Сказы, легенды, предания, были и небылицы Андрич всегда считал насущной потребностью души человека. В самых невероятных боснийских вымыслах он умел увидеть «историю живых людей и давно ушедших поколений» («Рассказ о слоне визиря»). Он показал, как рождаются эти сказы и предания, как они живут и воздействуют на сознание народа («Мост на Дрине»). В «Проклятом дворе» и небылицы Займа о его любовных победах, и доверительные рассказы подозрительного Хаима, и глубоко прочувствованная исповедь Чамила становятся явлениями подлинной жизни, отвергающей то давление на личность, которое оказывает на нее тюрьма. И дело не только в том, что узникам не остается ничего другого, чтобы сохранить духовную независимость. Без рассказа, без исторической памяти, связующей людей, жизнь стала бы намного беднее: «Что бы мы знали о чужих душах и чужих мыслях, о других людях и даже о себе самих, о других слоях общества, о незнакомых краях, землях, которых мы никогда не видели и вряд ли когда-либо увидим, если бы не было людей, в устной и письменной форме повествующих о том, что они видели или слышали и что в связи с этим думали и пережили?» Без таких повествований жизнь могла бы стать скучной описью разрозненных вещей. Такой, какая идет после смерти фра Петара: «Клещи большие, одни. Ножовка стальная, немецкая, одна…» Но от фра Петара осталось нечто более высокое и прочное, чем эти вещи, — его рассказ о человеке, не склонившемся перед злом.
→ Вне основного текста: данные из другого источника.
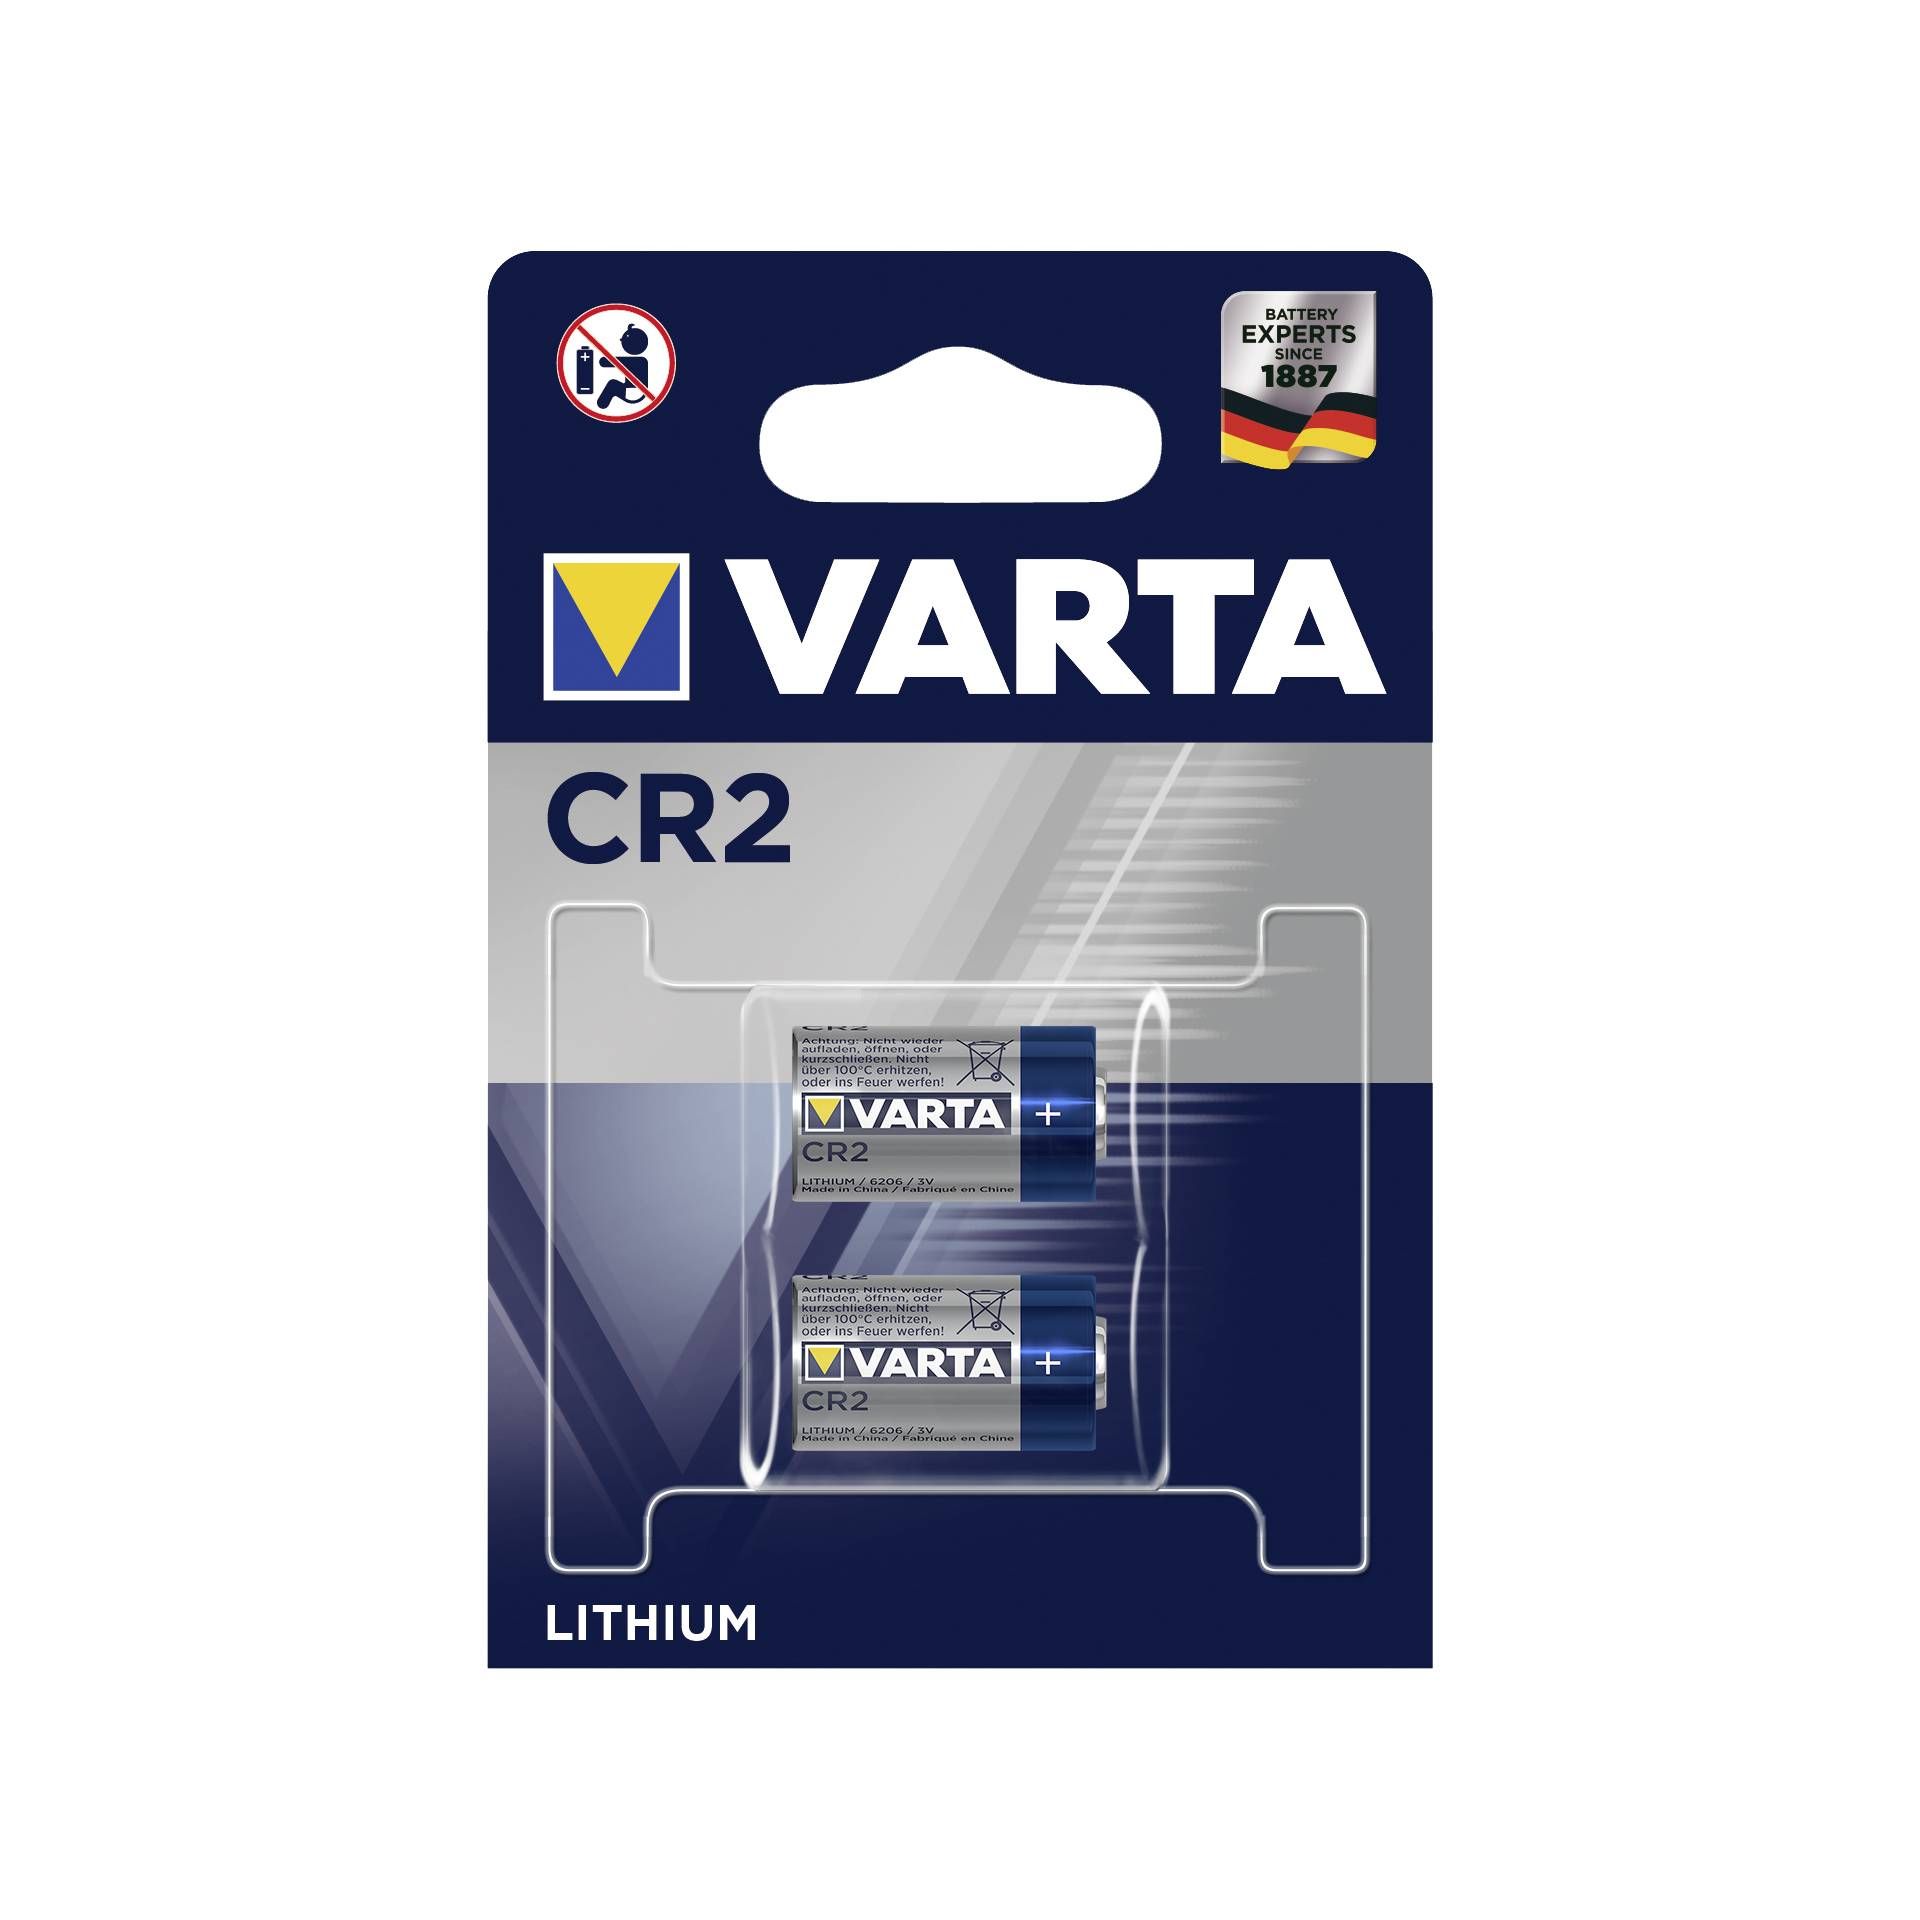 1x2 Varta Professional CR 2

Цикл новелл «Дом на отшибе» возвращает нас к тем ситуациям, мотивам, типам, которые отчасти уже знакомы по романам и другим рассказам Андрича. Один из маленьких самодержцев Боснии Али-паша, под конец жизни без видимых причин смещенный, подвергнутый унизительному наказанию и убитый; девушка-невольница, покончившая с собой накануне продажи; старый циркач, влюбленный в холодную и бессердечную канатную плясунью; чудаковатый сказочник… Каждый из этих людей, принадлежащих к разным эпохам, национальностям, вероисповеданиям, прежде всего — личность, неповторимая и цельная. Они оказываются в ситуациях, которых не в силах изменить, и все же каждый сохраняет верность себе, даже если за это приходится заплатить жизнью. Пристально рассматривая эти необычные и пестрые судьбы, Андрич старается выяснить, какой след оставили они после себя на земле.
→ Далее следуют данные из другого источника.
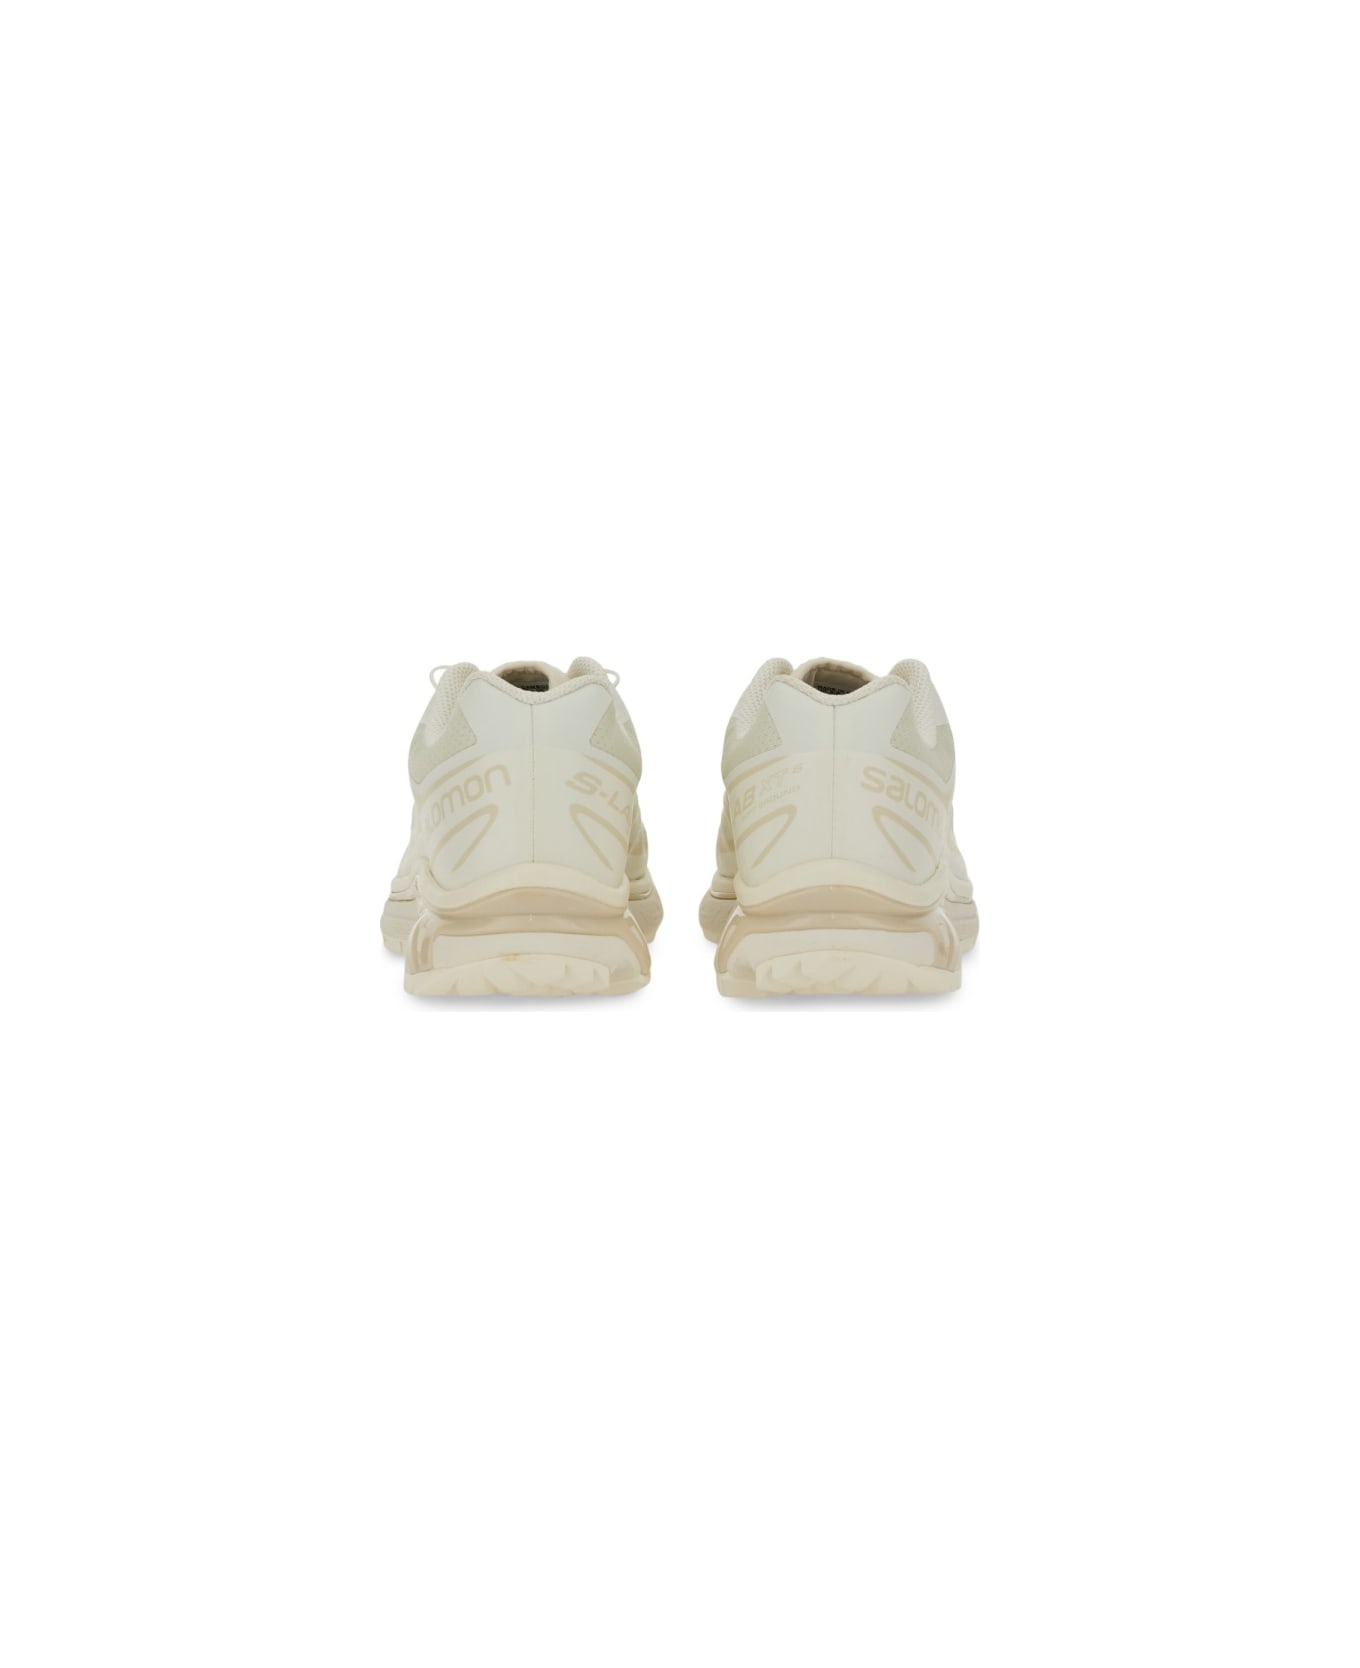 Salomon Sneaker "xt-6" - WHITE スニーカー

Идея связи времен, выраженной не в безликом его движении, а в череде людских судеб, как звеньях одной цепи, главенствует в последней книге рассказов Андрича. Такая связь существует, считает Андрич, хотя она не всегда видна, хотя она сложна и причудлива. Воплощение этой причудливой связи — уединенный дом в старой части Сараева, где обитает автор-рассказчик и где его посещают призрачные собеседники, повествующие о себе. Старый дом — еще один образ-метафора. Его облик, в котором смешались разные эпохи и стили, противоречивые стремления его владельцев, говорит о непростых формах передачи исторического опыта.
Так же странно и неожиданно сплетается прошлое и настоящее в судьбах людей. Герой новеллы «Рассказ» эфенди Ибрагим, чудак, нищий сказочник, живущий в воображаемом мире своих удивительных историй, не похожих на окружающую действительность, может показаться выпавшим из реальной жизни. Но это не так. Его небылицы — своего рода протест против произвола властей, погубивших его отца. С молоком матери всосавший горечь сиротства и ненависть к убийцам, но не обладавший отцовским мужеством, Ибрагим ушел в вымышленный мир. В мире, о котором он постоянно рассказывает своим землякам, люди окружены уважением, никто никого не обижает, а все происходящее имеет благополучный конец. «В сказках прошла вся его жизнь, сама напоминающая сказку», — говорится в новелле. И все же эта жизнь оставила след, и след заметный. Сказочник давно похоронен на сараевском кладбище, а его истории передаются из уст в уста по всей Боснии и для многих «составляют часть действительности, более того, только в них действительность и получает свой настоящий облик и значение».
Иво Андрич. 1922 г
Никакая судьба, таким образом, фатально не ограничена собственным кругом, она обращена и в прошлое и в будущее. Все «живые люди и ушедшие поколения» незримо связаны между собой. Человек — каким бы он ни казался при жизни малозначительным — необходимое звено в цепи поколений, говорит Андрич своей последней книгой.
Послевоенные десятилетия — самый плодотворный период гражданской и писательской биографии Андрича. Если в 20—30-е годы, находясь на дипломатической службе, Андрич бывал надолго оторван от югославской литературной среды, то в новой, социалистической Югославии он оказался в гуще литературной жизни.